Title

Random Forest Classifier on Census Dataset

Abstract

This code block trains a random forest classifier on the Census dataset and obtains predictions for both, the validation data and a holdout dataset. It uses Features FSelect, previously selected using L1 regularization with a cost of 0.01 and hot encoding applied at a min frequency of 15. The classifier is evaluated using accuracy score on validation and holdout datasets, and explains 100 predictions.

Data

The Census, CensusHoldout datasets were used and FSelect features were used. tr_xy, tr_x, te_x, tr_y, and te_y variables are created from the data using pandas. The Census dataset contains both numerical and categorical features. The target label of the data is "target".

Method

The random forest classifier algorithm has been used for this analysis.
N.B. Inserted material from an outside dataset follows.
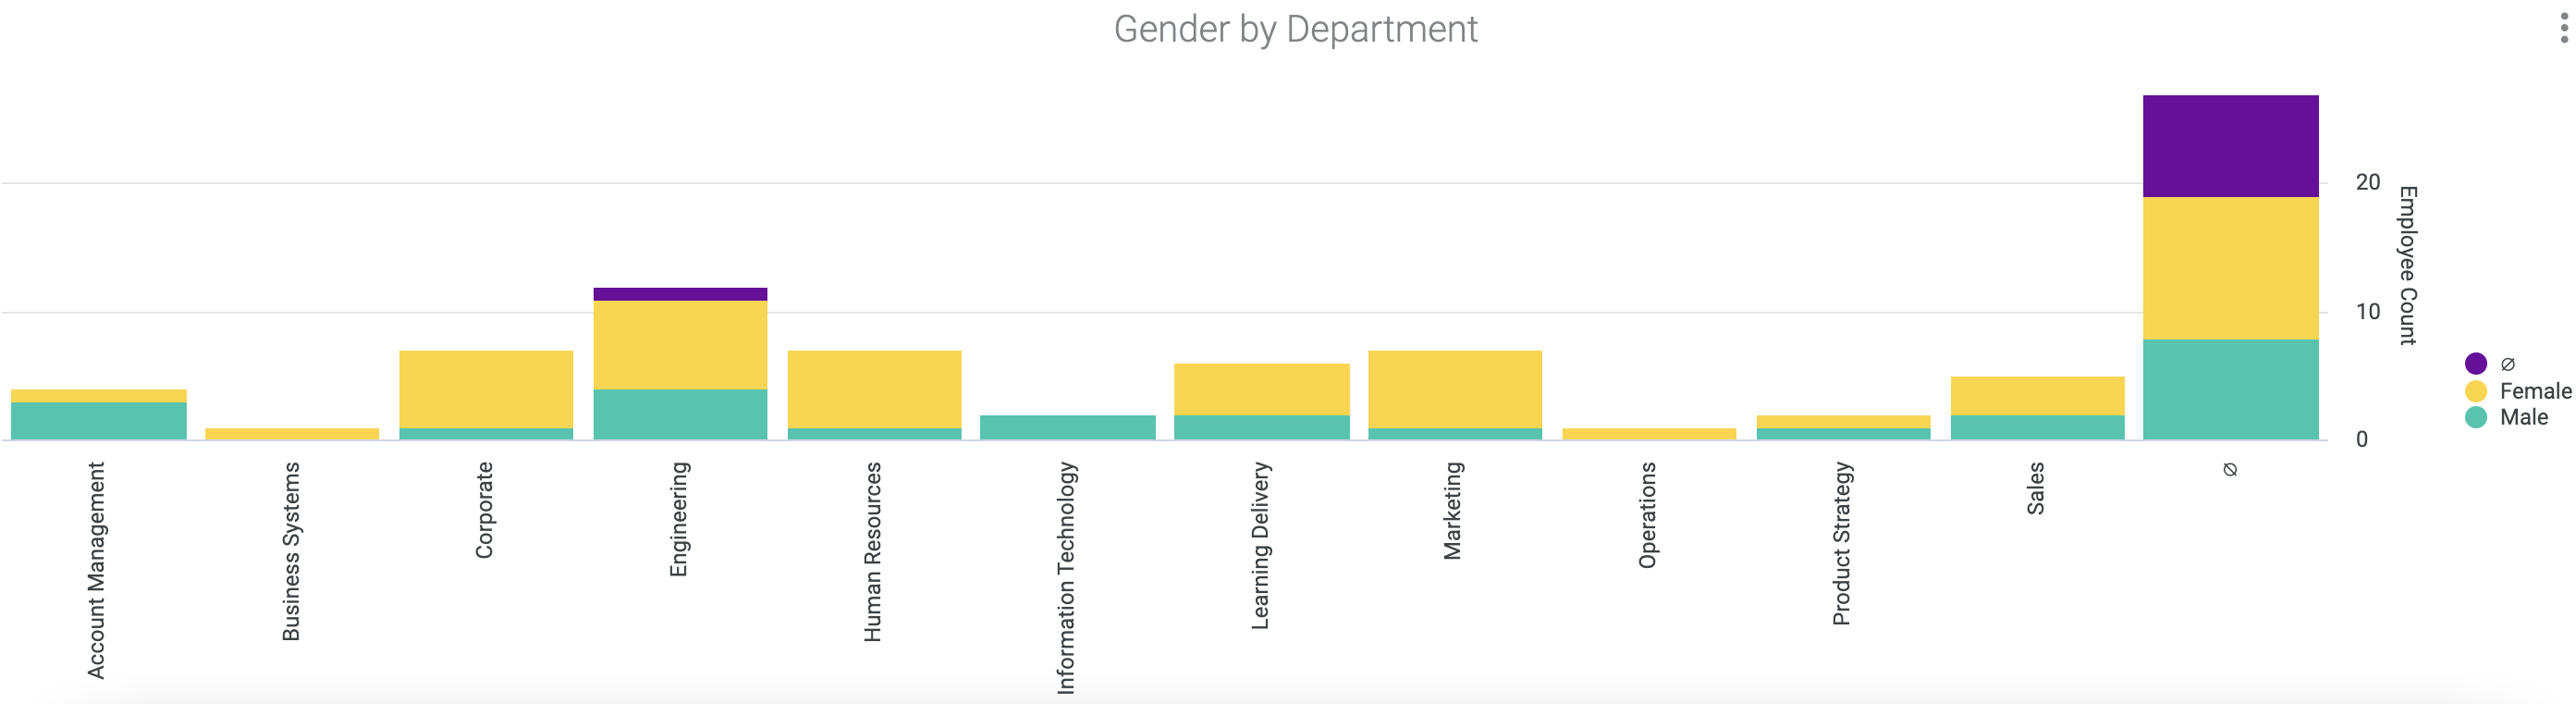 Gender by department

One-hot encoding is applied to the categorical columns with a minimum frequency of 5.

Models & parameters

Random forest classifier pipeline is created with one-hot encoding with a minimum frequency of 5, followed by quantile transformer for the integer features which are used to train the random forest classifier. n_estimators = 5, min_samples_leaf = 10, are the parameters used.

Result

model accuracy on validation set: 0.853, model score on holdout data: 0.848

Observation

This code block trains a random forest classifier on the Census dataset with feature importance calculated using L1 regularization and hot encoding. The classifier is evaluated using accuracy score on validation and holdout datasets, and the feature importance of 100 predictions is explained. The result shows that the model has a score of 0.848 on the holdout data which could be considered fairly good. The dataset could benefit from some preprocessing such as missing value imputation and normalization.